ADR-AGE Adopt Apache AGE for graph traversal queries Hypothetical
Context
008 needs to support 3-hop intro-path traversal and weighted shortest-path. Recursive CTEs in vanilla Postgres degrade past depth 3. Adopting a separate graph database (Neo4j) adds significant operational overhead. AGE offers a middle path: graph capability inside the existing Postgres instance.
Decision
Install Apache AGE as a Postgres extension. Use Cypher (via cypher()) for traversal queries at depth ≥ 3 and for shortest-path. Keep Postgres tables for per-pair caches (Layer 2) and rollups (Layer 4). Compute coemployment edges at query time via Cypher pattern matching; materialize as :COWORKER_OF edges only if read latency demands.
Consequences
  • + 3-hop drill-in becomes idiomatic; ~60% faster than recursive CTE.
  • + Native shortestPath() for path-finding features.
  • + No new database; same backups, same connection pool.
  • − Hosting must support AGE (RDS doesn't; Aurora with custom config does).
  • − Sparse Rails ecosystem; raw SQL with cypher() wrappers.
  • − Storage 2–3× larger for graph-stored edges (jsonb properties + graph metadata).
  • − 1-hop and 2-hop queries should stay in vanilla Postgres (Cypher adds noise without value at low depth).
Reversibility
Medium. Migration back to vanilla Postgres tables requires re-materializing coemployment edges and rewriting Cypher queries as recursive CTEs. ~2 weeks of work.

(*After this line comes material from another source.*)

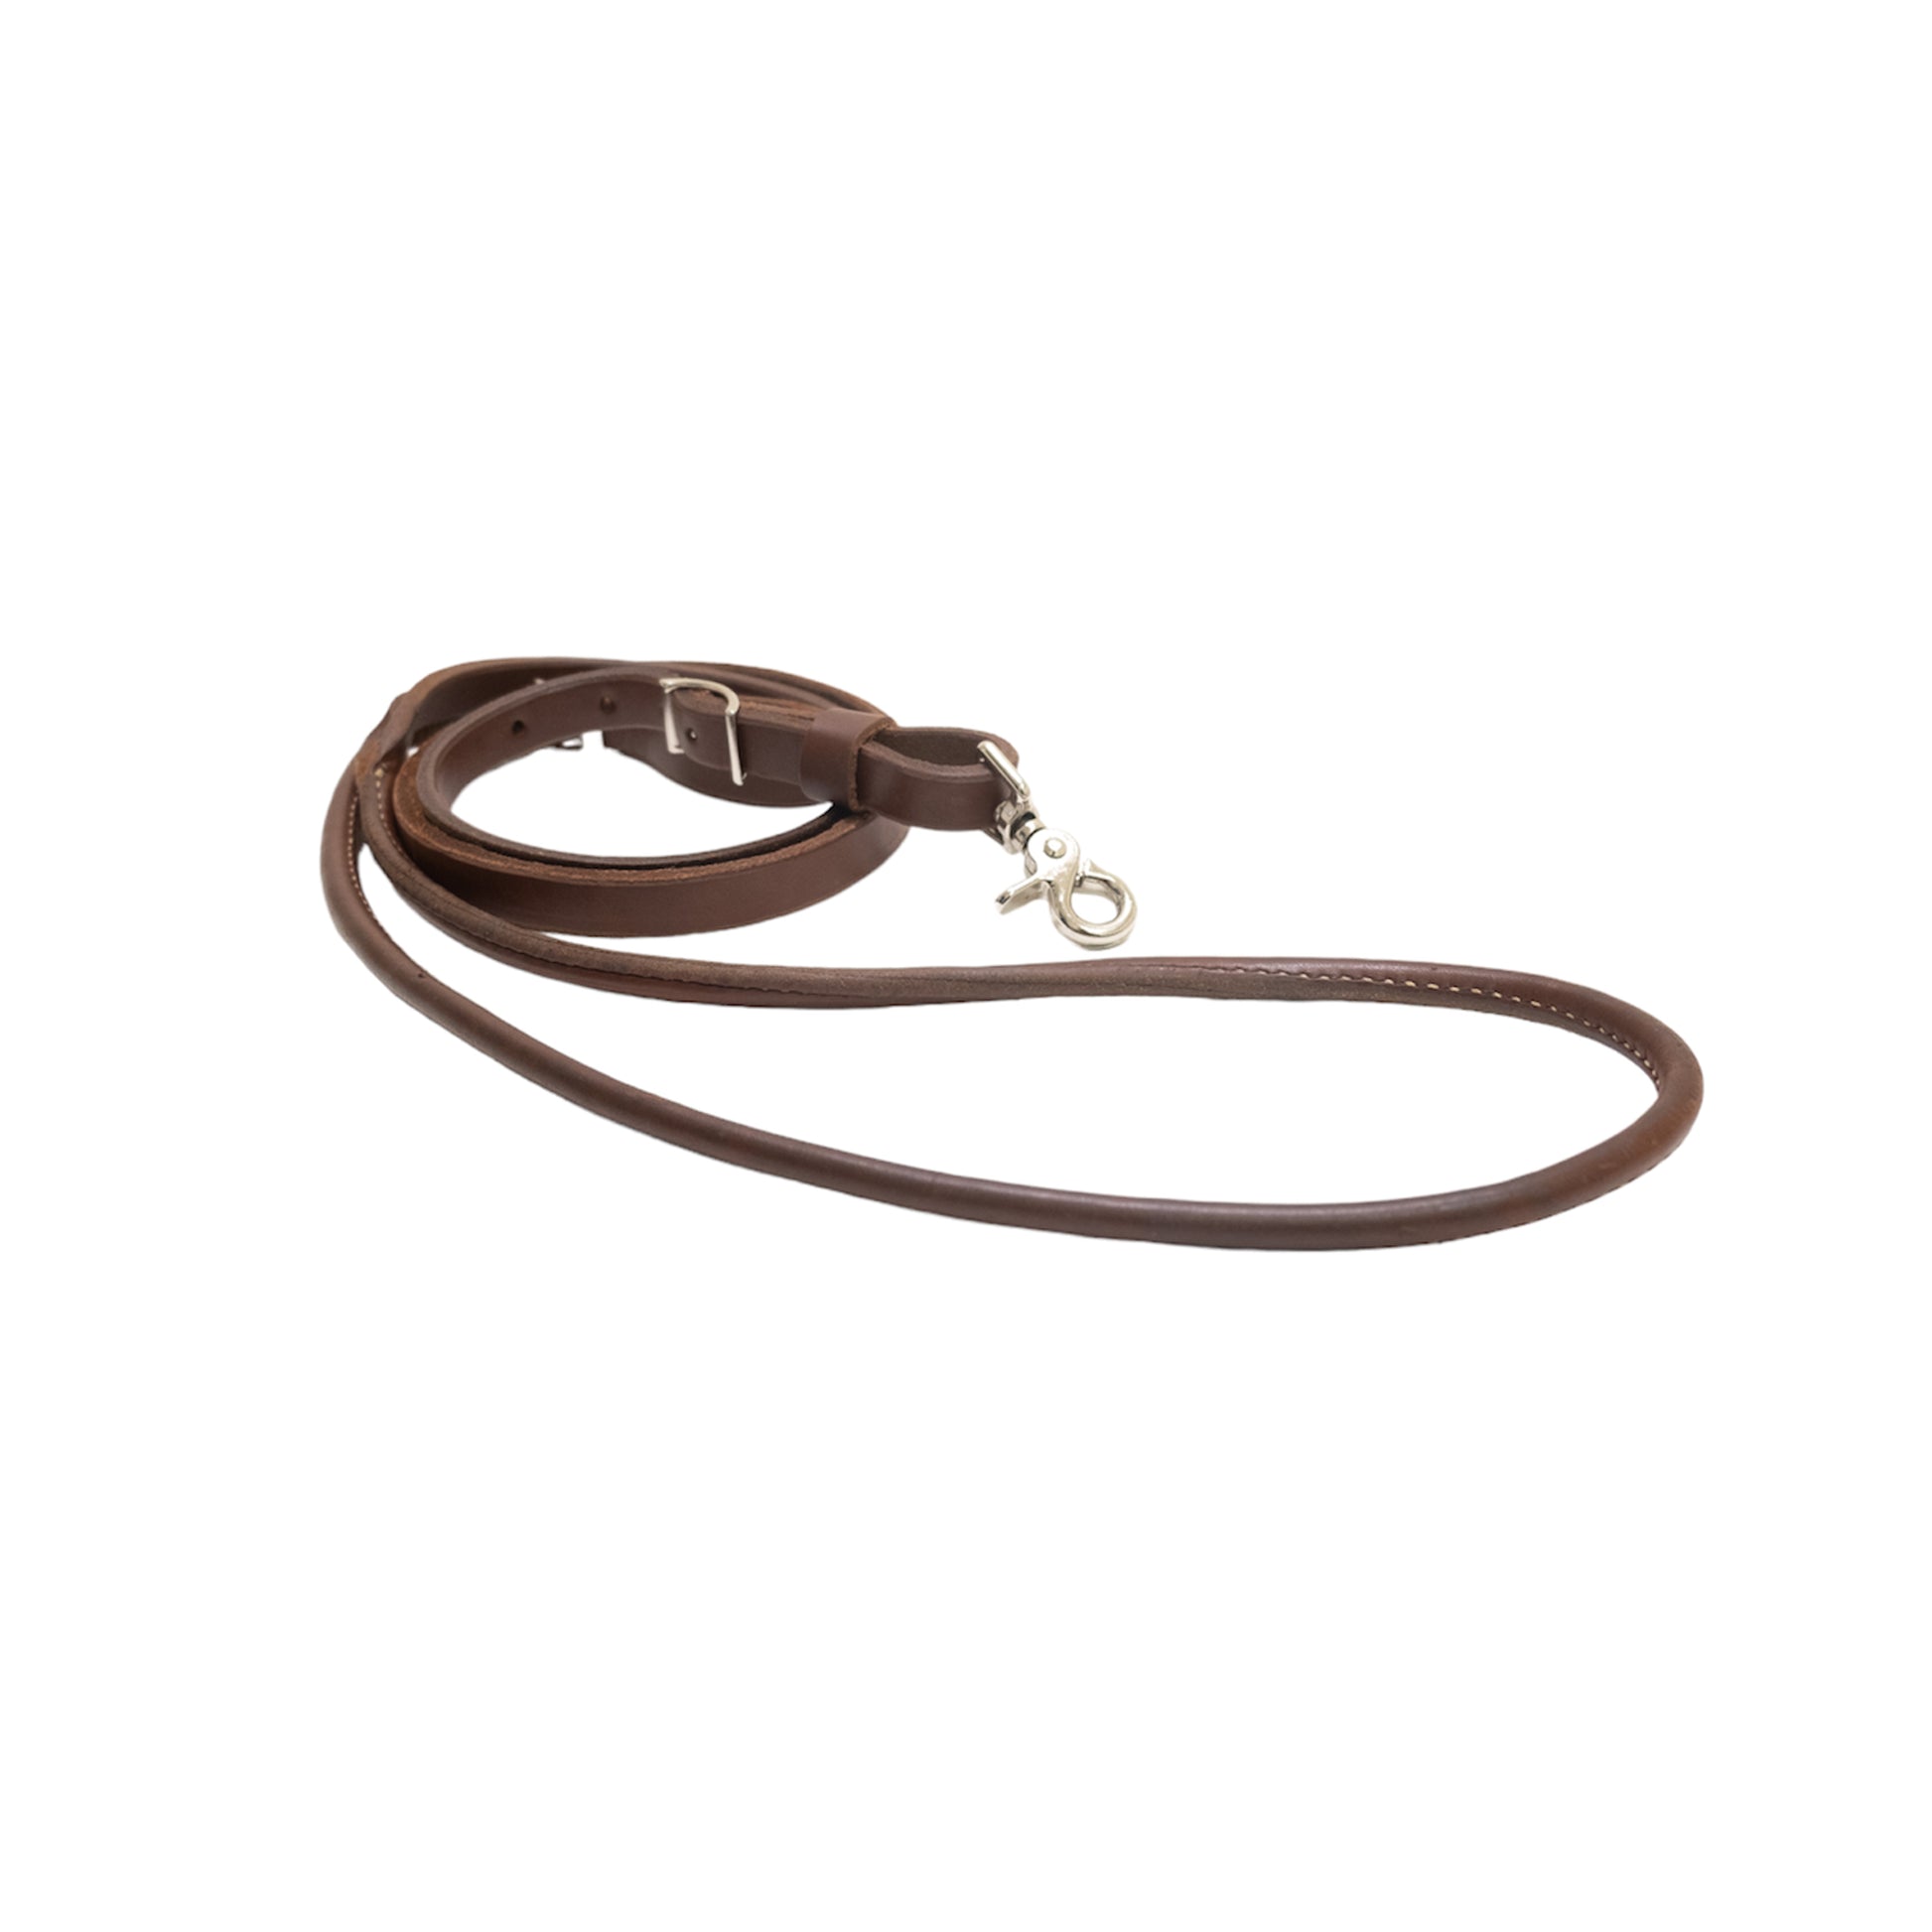 5/8" Rolled roping rein heavy oiled harness leather with snap.

The graph schema is well-defined and lossless to extract.
Trigger to revisit
If 4-hop or shortest-path-with-weights becomes the dominant query pattern; if AGE performance falls below Neo4j by >3× at depth 3+; if a hosting decision forces a Postgres migration that opens the door to a different stack.
Adopt only if
(a) Postgres hosting supports AGE, (b) 3-hop or shortest-path is a confirmed product requirement, (c) team has appetite to maintain a small ecosystem-maturity risk in exchange for staying single-DB.